Diagnosis and Evaluation of Leiomyomas
Key Points
Both diagnosing the presence of leiomyomas and determining their phenotype - FIGO Type(s), volume, number, and position in the uterus (fundal, cornual, anterior, posterior and cervical) - generally require imaging with the required detail dependent upon the clinical situation and the options, if any, for treatment
Manual Examination
Manual examination can suggest the presence of leiomyomas, particularly if the uterus is asymmetrically enlarged. However, the patient body habitus may obscure the examination, and, even when not, potentially significant submucous myomas are often undetectable.
Iron Status
Reproductive aged girls and women with the symptom of HMB will frequently have iron deficiency (ID); if severe this lead can cause iron deficiency anemia (IDA). Iron deficiency itself is a cause of chronic fatigue and reduced cognitive and physical function.
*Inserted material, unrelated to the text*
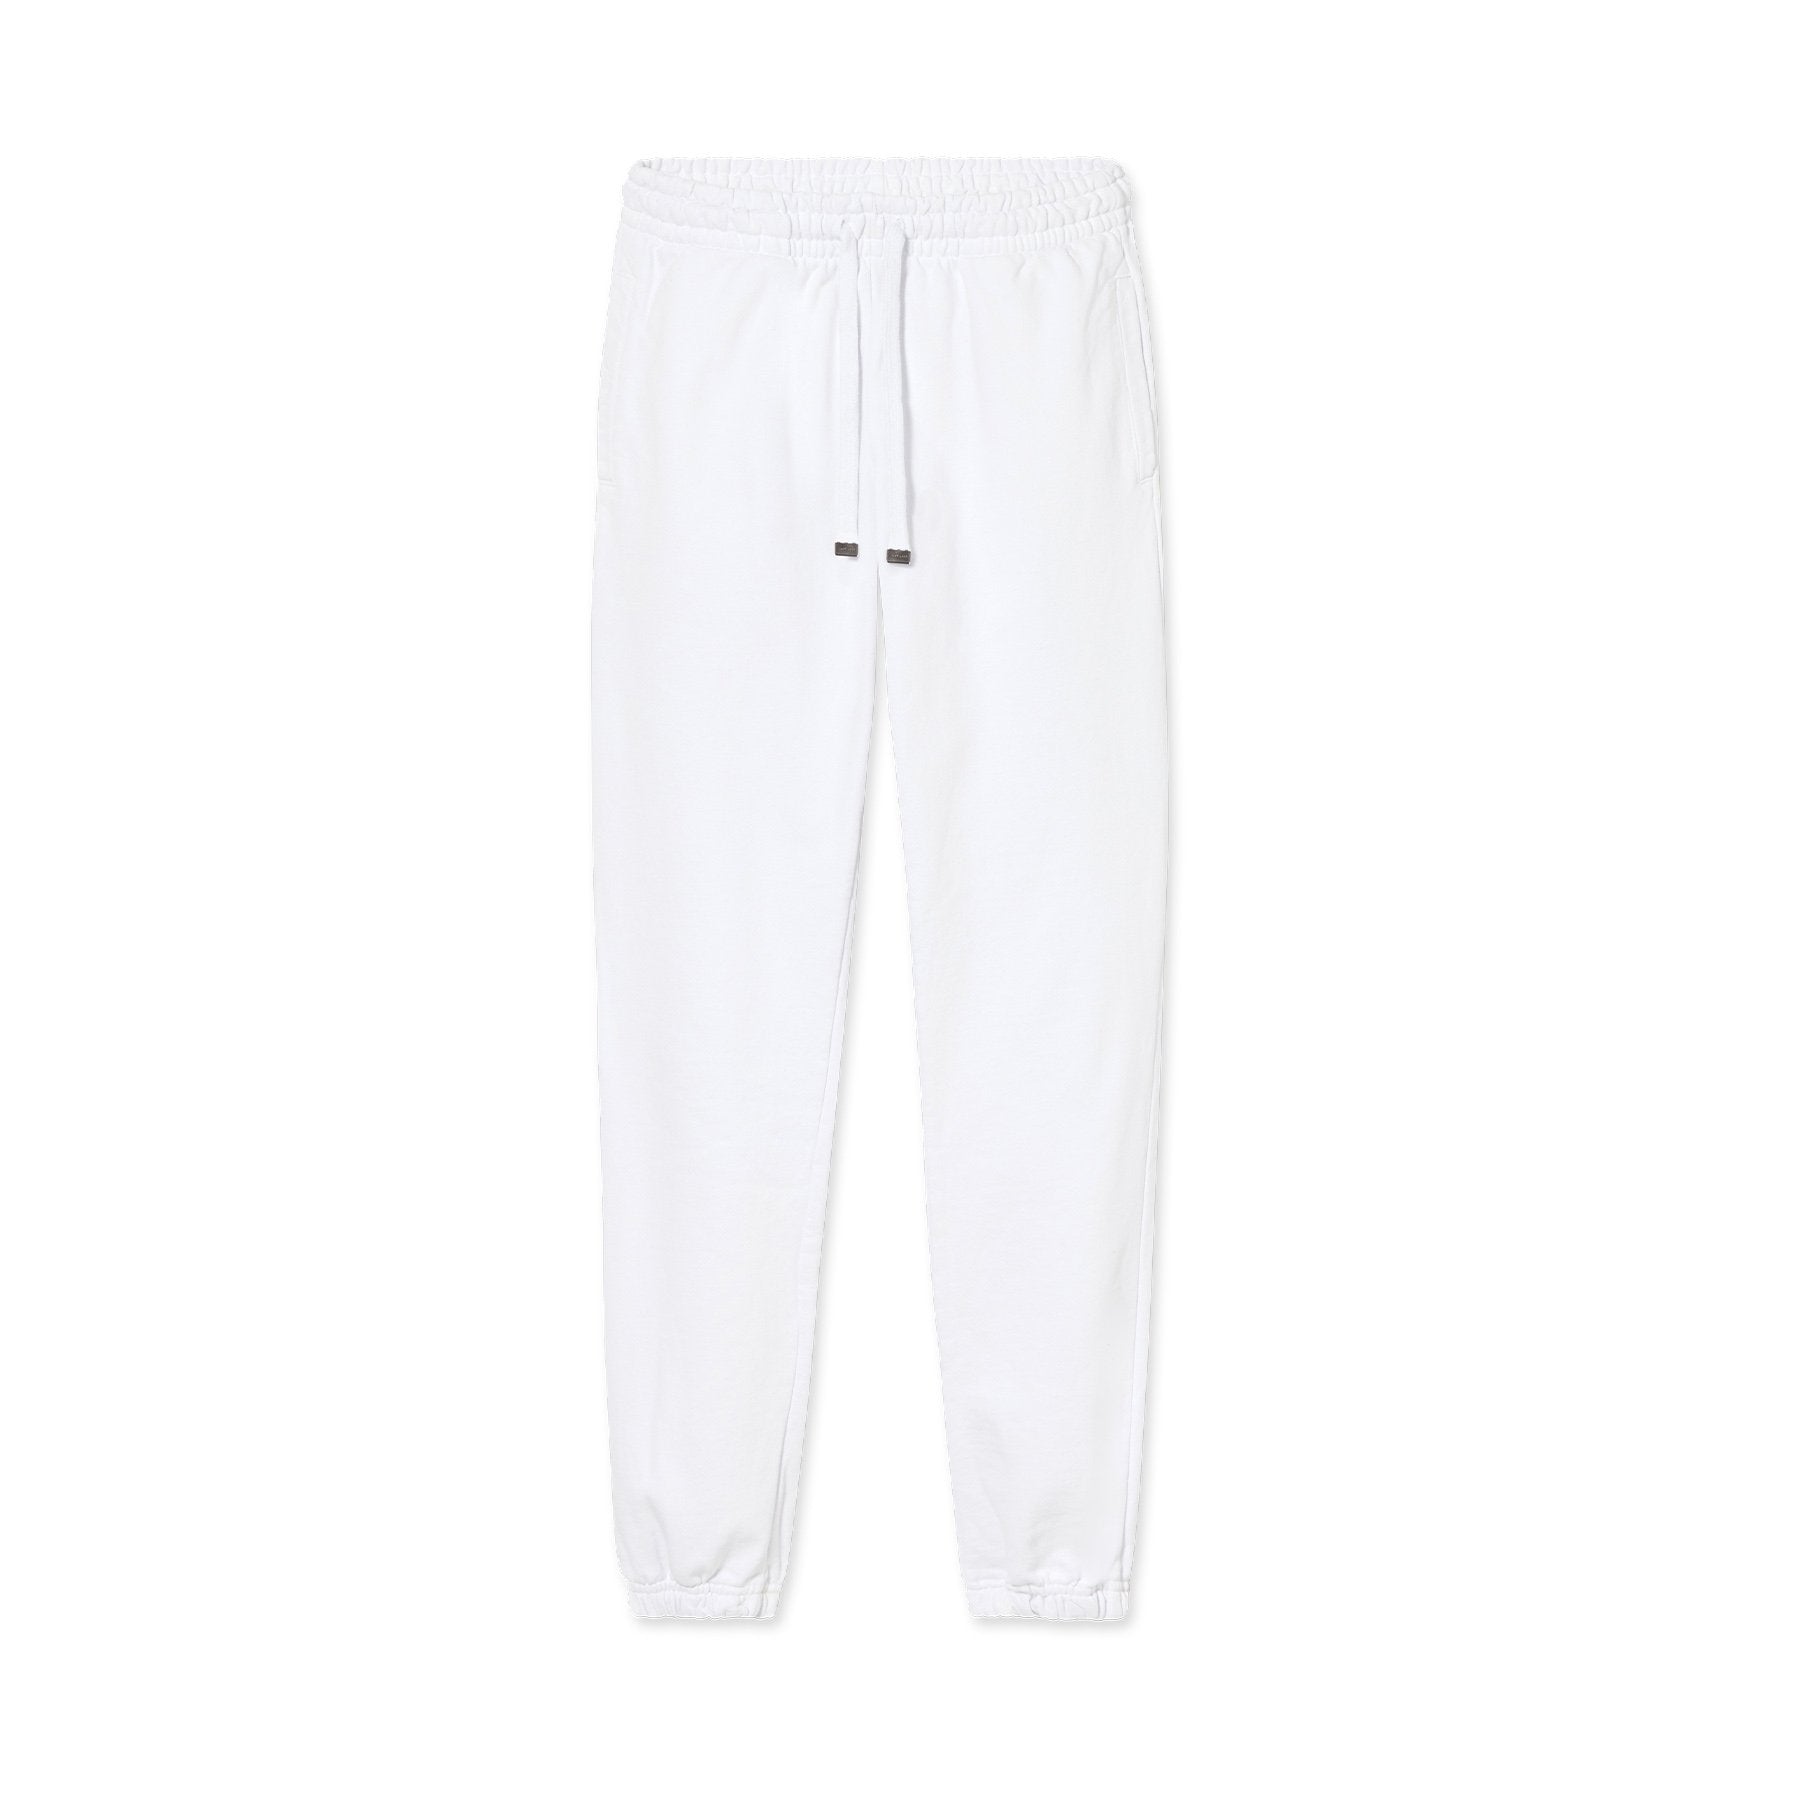 White Sweatpants Xs Wholesale Discounts

Consequently, it is important to assess women with AUB-L not only for IDA but for ID as well, as a complete (full) blood count is often normal when ID is present.
Ultrasound
Ultrasound remains the most useful and accessible method for diagnosing leiomyomas. Transvaginal technique is generally more accurate than trans abdominal techniques, particularly when there is obesity or retroversion and retroflexion. Abdominal ultrasound may be necessary when a virginal individual requires examination, as well as other circumstances where transvaginal instrumentation is not deemed appropriate.
Sonohysterography
The utility of transvaginal ultrasound to characterize (distinguish submucous from intramural tumors, and to discriminate amongst Types 0,1, 2, & 3 fibroids) is greatly enhanced with the transcervical instillation of a sonolucent contrast such as saline or gel. This process is termed sonohysterography (SHG) with the two most common techniques saline infusion sonography (SIS) and gel infusion sonography (GIS),
MRI (Magnetic Resonance Imaging)
MRI remains an expensive diagnostic tool with limited access in many jurisdictions. However, in many instances it provides invaluable detail, particularly when adenomyosis is also present or when it is important to define the outer free margin of myometrium between the fibroid and the serosa. MRI may also be the best way to examine individuals for whom vaginal ultrasound techniques cannot be performed.